July 03, 2012, 4:10 PM by  Allan Lengel

Allison Leotta Portrait

Author Allison Leotta, a Detroit area native, says the Justice Department no longer has to screen her book transcripts, steamy sex scenes and all. That’s because she quit her job last year as a prosecutor in Washington.

“It’s is a relief,” says the Michigan State graduate who now lives in suburban D.C. 

Back in 2010, the Justice Department screened her first book, "Law of Attraction", to check for any national security breaches. So Justice Department folks had to read the whole thing. Everything.

When I spoke to her back then she was on a leave of absence from the U.S. Attorney's Office in D.C.  as sex crimes prosecutor, and I asked her about the Justice review.  

"It was embarrassing to me," said Leotta, who grew up in Farmington Hills and Franklin.  "There were some steamy sex scenes, not the sort of thing I'd discuss with my boss and ethics officials at the Justice Department. It made rides in the elevator a little uncomfortable for a while."


The publisher, Simon & Schuster, liked it so much, it signed her to a three-book deal, with the main character Anna Curtis set to appear in each one.

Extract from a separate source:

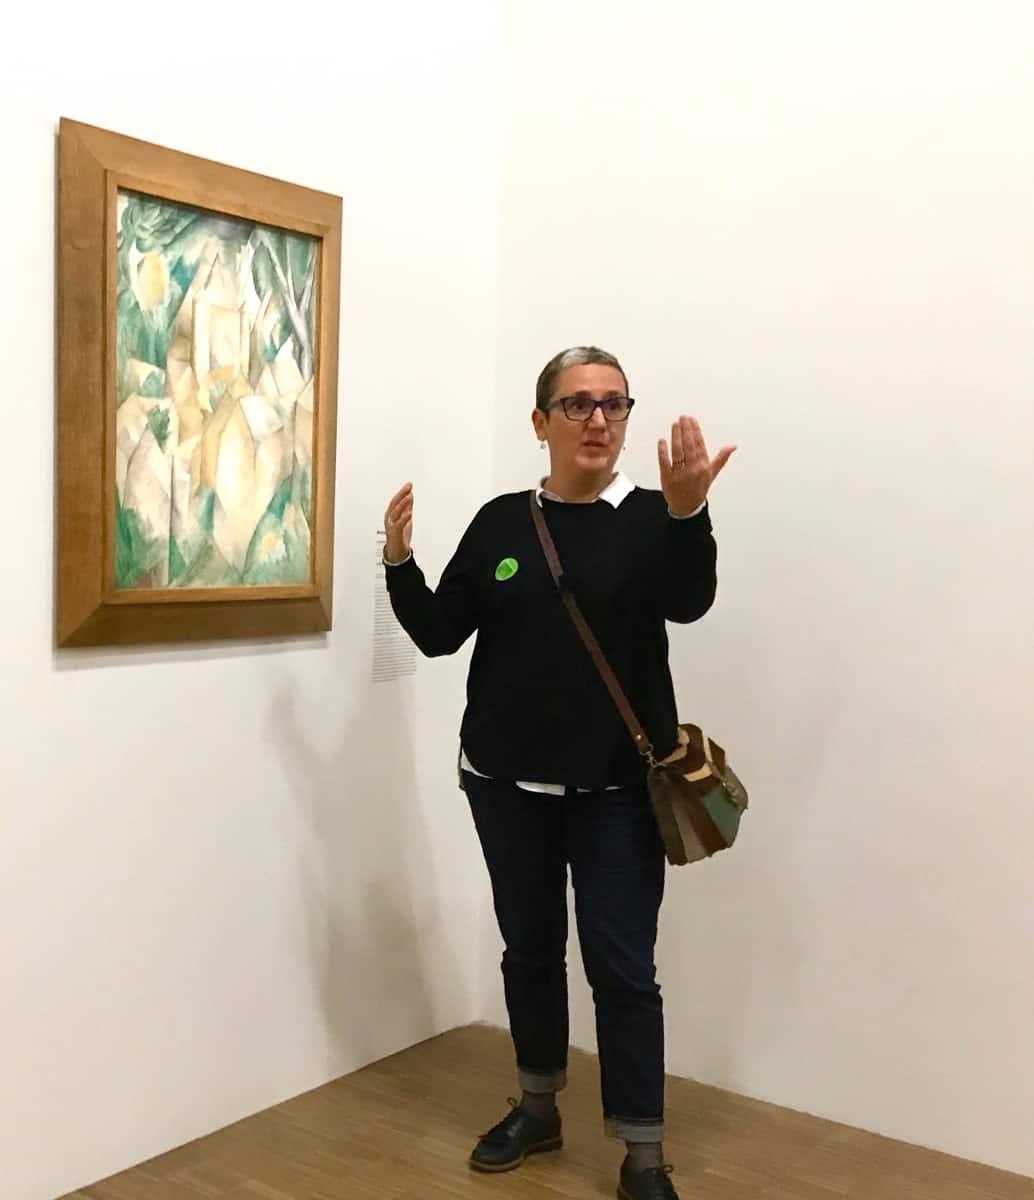 Les visites de Marta, exposition Le Cubisme, Centre Pompidou, Paris

Curtis is a sex crimes prosecutor -- just like Leotta. The character Curtis has an abusive dad.The good news was the book played to very flattering reviews, with one critic describing her as the "female John Grisham."

Leotta’s father Alan Harnisch, a former federal prosecutor in Detroit, who is now in private practice in Bloomfield Hills, bristled when he first read the manuscript for the first book. He thought some people might think that was him being portrayed in the book.

Leotta, 39, who is married to a lawyer and has two young sons, 2 and 5, assured him it wasn’t.

She says he's gotten over it.

“No one thinks it’s him," she says of the character.  Now, she says, he pushes friends to buy the books.

"He’s really a very enthusiastic marketer," she says.

Discretion Cvr

On Tuesday, her second book "Discretion", was released. 

The New York Journal of Books wrote this: 

The story, set in our nation’s capital, gives the reader an inside look at what goes on behind the closed doors of Congress. One of Washington, D.C.,’s most powerful figures, its lone congressman, is the prime suspect when a woman falls to her death from the balcony of his office. As one would anticipate, the investigation is fraught with misdirection and minefields, as power and politics are set in motion to deter the investigators at every turn....

Discretion is intriguing, ultimately rewarding the reader with a very satisfying conclusion that leaves you wondering if the book is truly fiction—or not."

Leotta begins her book tour this month and will be at Barnes & Noble in West Bloomfield on July 20 at 7 p.m.